Ein kurzer Blick auf die Karte macht deutlich: Die Pariser Tramway soll die Vorstädte miteinander verbinden und dabei tangentiale Verbindungen ermöglichen. Mitunter ist das für die Fahrgäste ein Erlebnis: Die Fahrt mit der T2 von La Défense bis Porte de Versailles etwa war zuvor eine Eisenbahnlinie mit typischen alten Bahnhöfen sowie Zielen wie die Porzellan-Manufaktur in Sèvres. Im Juli 1997 eröffnet, kommen fünf Jahre später 2,65 Meter breite Züge zum Einsatz, die ab September 2005 in Doppel-Traktion (mit 65 Meter Länge) fahren. Heute nutzen 214 000 Fahrgäste täglich die 17,9 km lange Linie, mit Ausblick auf die Seine, den Bois de Boulogne und Boulogne-Billancourt.

Die T3 hält u. a. an der Porte de la Villette und damit teilweise in Sicht- sowie fußläufiger Reichweite zum Parc de la Villette, dem Canal de l’Ourq, zur Philharmonie, der Cité de la musique, dem Théâtre Paris-Villette, den Veranstaltungshallen Zénith und der Grande halle de la Villette, dem Kugelkino La Géode und dem Wissenschafts- und Industriemuseum Cité des sciences et de l’Industrie.
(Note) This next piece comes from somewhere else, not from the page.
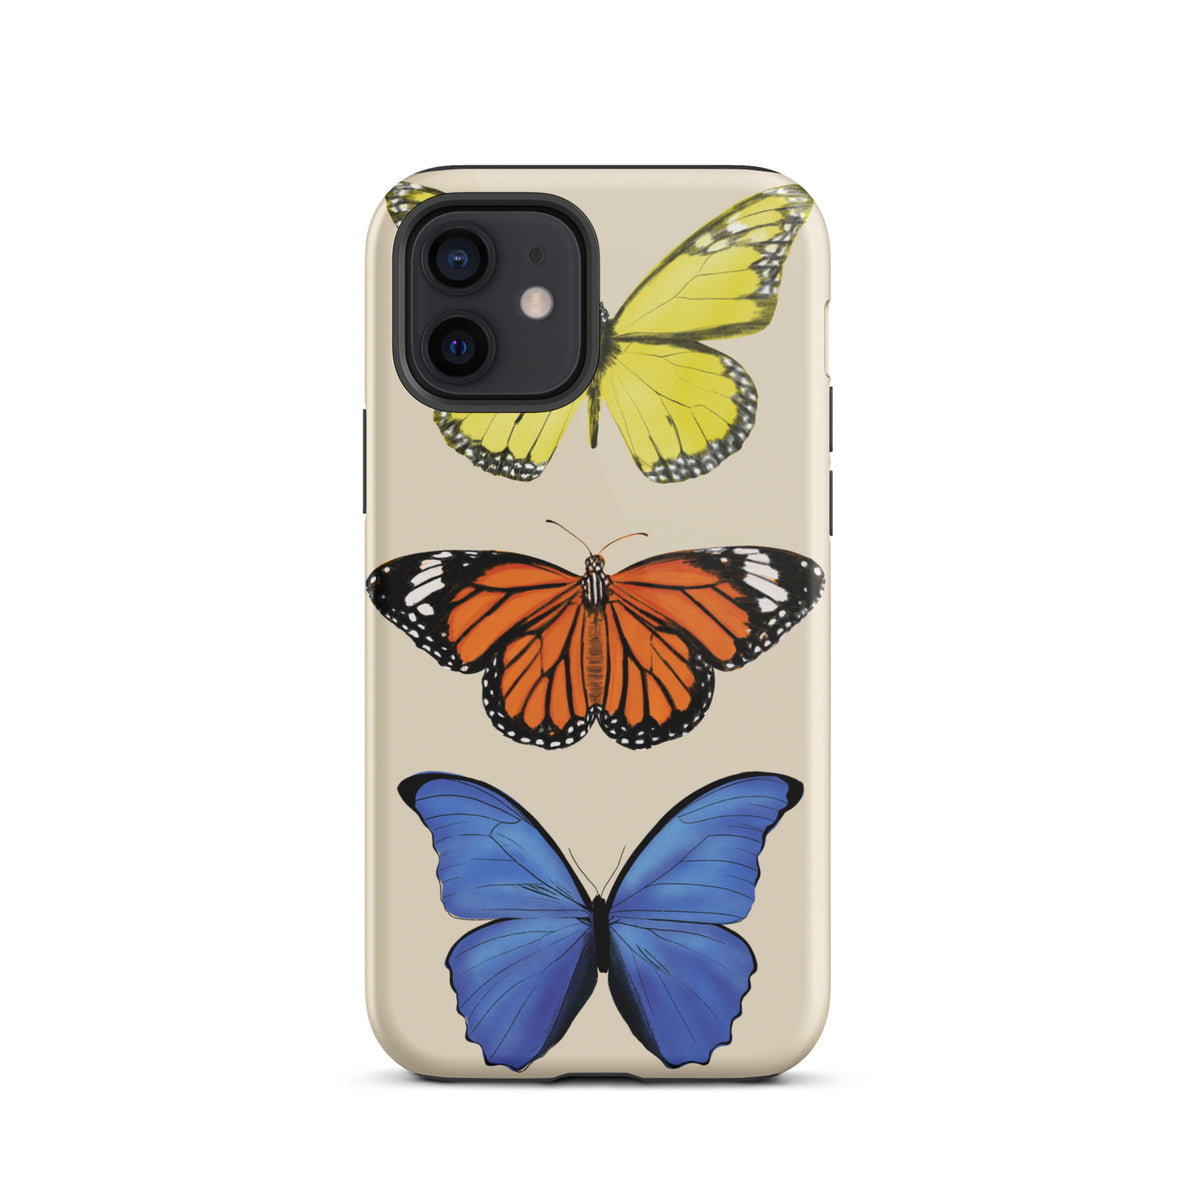 Beige iphone case with butterflies

Seit Juli 1992 gibt es die T1, jetzt 17 km lang, von Asnières-Gennevilliers nach Noisy-le-Sec. In Saint-Denis fährt die T 1 in die Fußgängerzone unweit der Basilika von Saint-Denis. Dort ist man mitten im Leben von 9-3, wie das Département Seine-Saint-Denis (93) auch genannt wird. Täglich nutzen 216 000 Fahrgäste die T1; die Ost-West-Linie im Pariser Norden bietet fast an jeder Haltestelle Umsteigemöglichkeiten in Métro- oder Buslinien – für Einheimische ebenso praktisch wie für Touristen.